----- Data segment

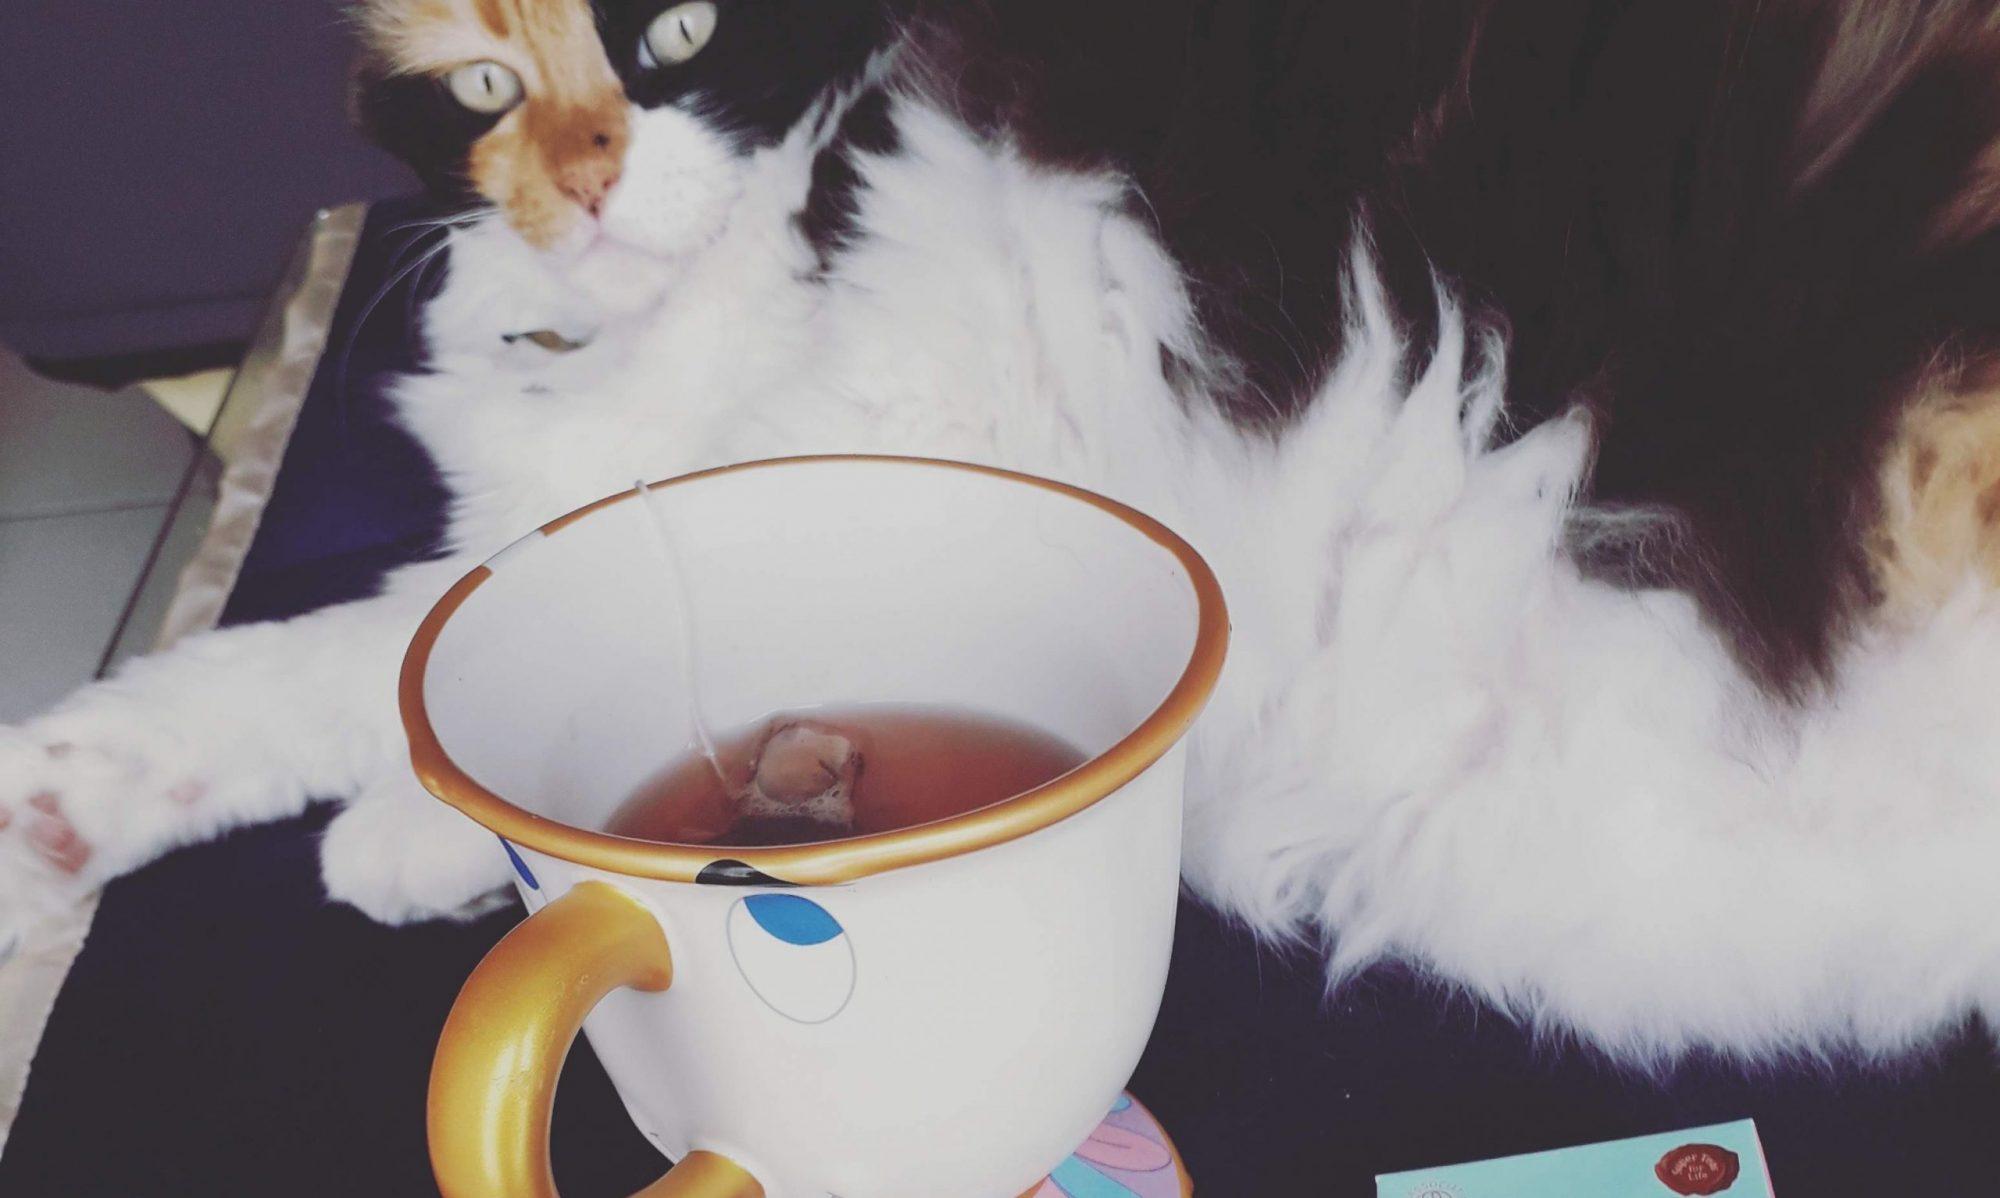 L'académie du chat lettré
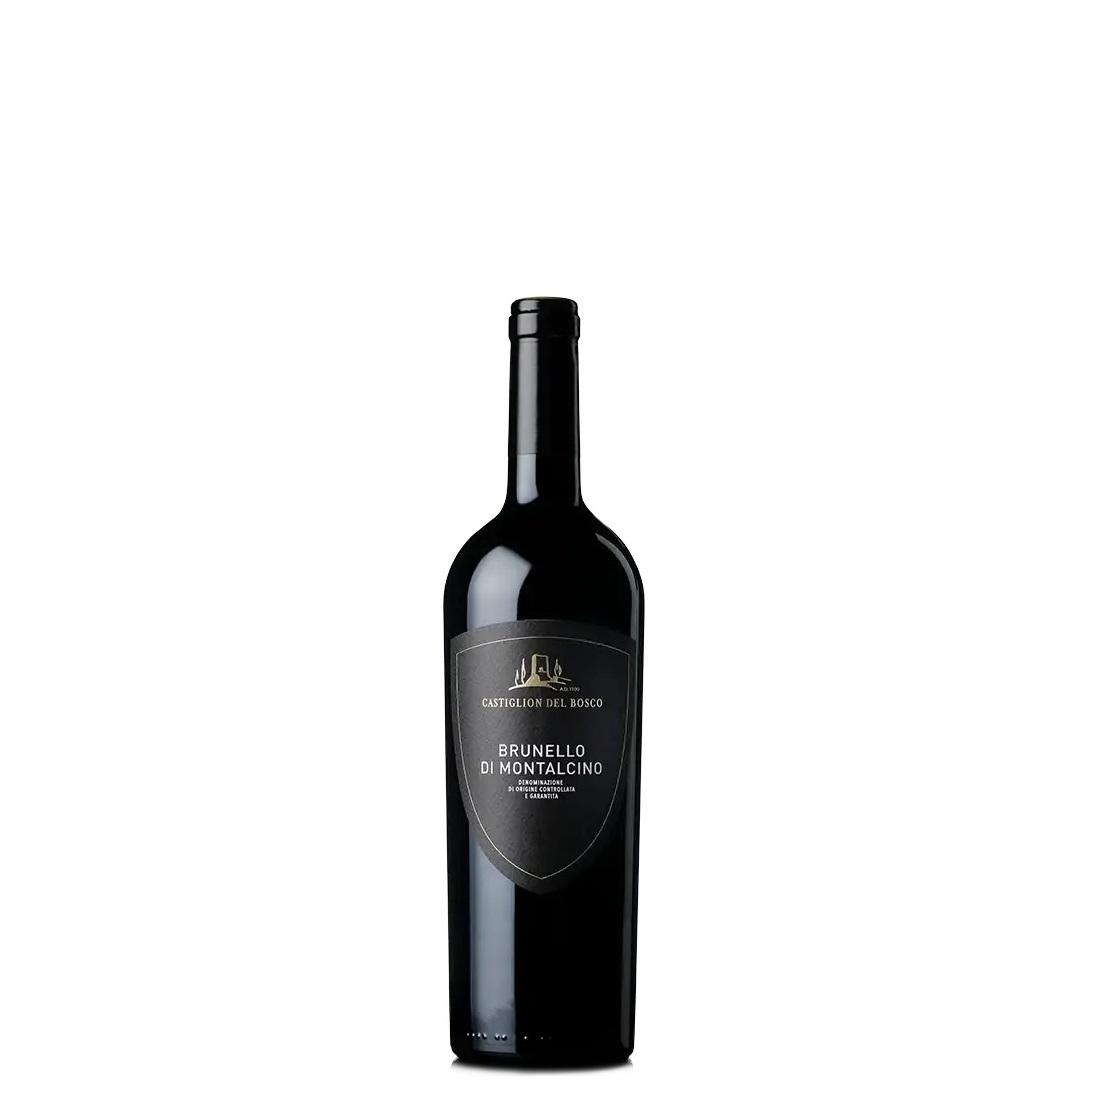 Castiglion del Bosco Brunello di Montalcino DOCG 2015 37,5cl
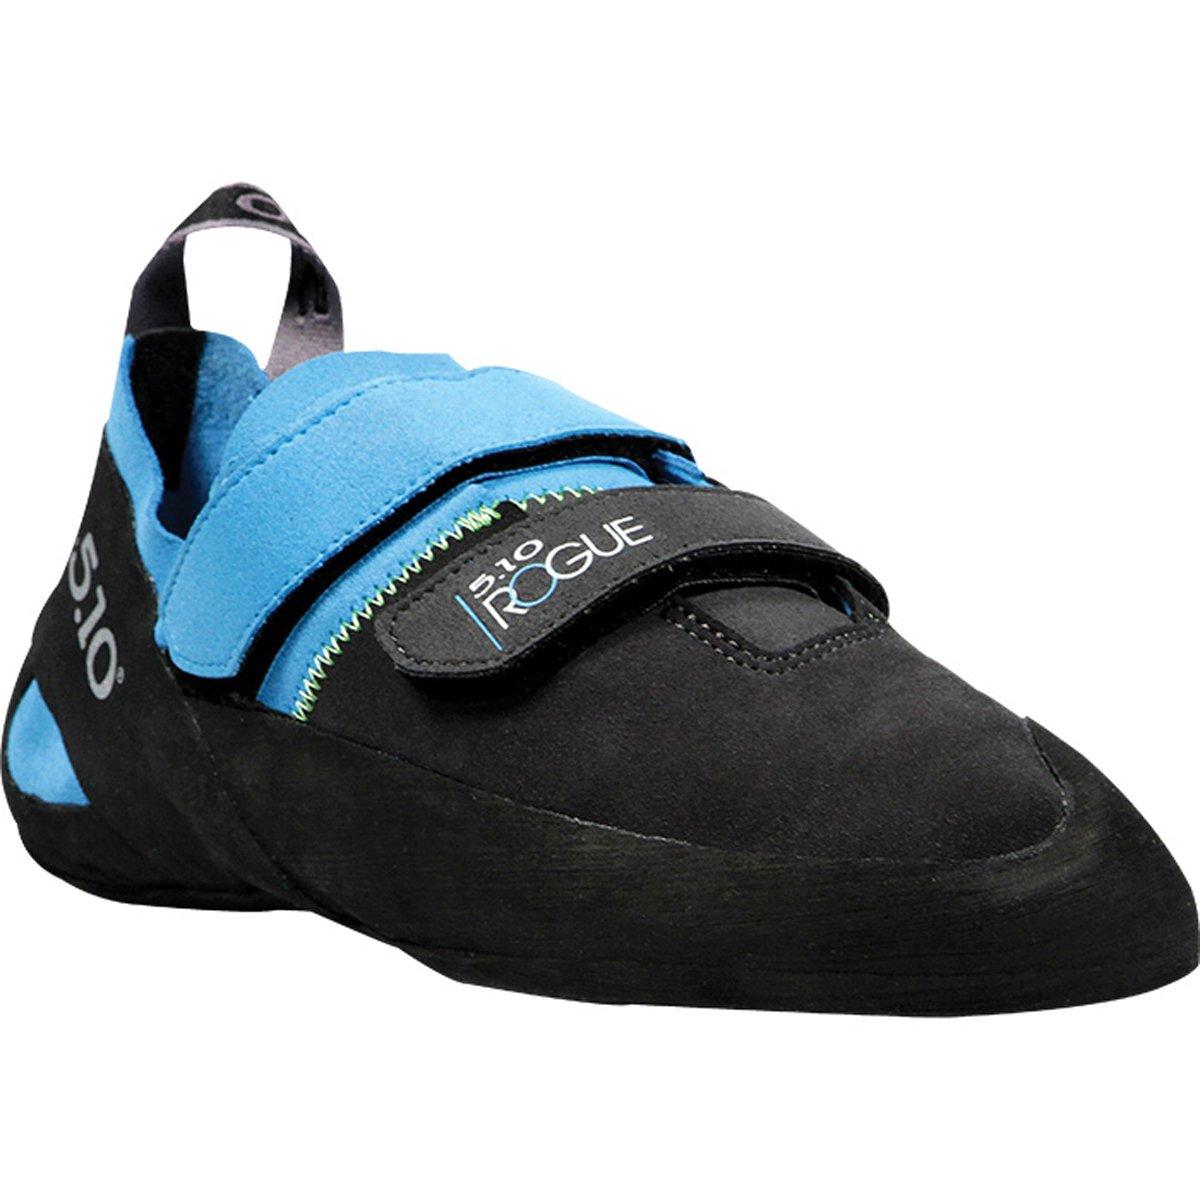 Five Ten Women's Rogue VCS Climbing Shoe B07CVN42V7 12.5|Neon Blue/Charcoal

----------

What do the lines above say from the line containing "Castiglion del Bosco" through the last line? Quote them exactly, both ends included, and leave out the pictures.

 Castiglion del Bosco Brunello di Montalcino DOCG 2015 37,5cl
 Five Ten Women's Rogue VCS Climbing Shoe B07CVN42V7 12.5|Neon Blue/Charcoal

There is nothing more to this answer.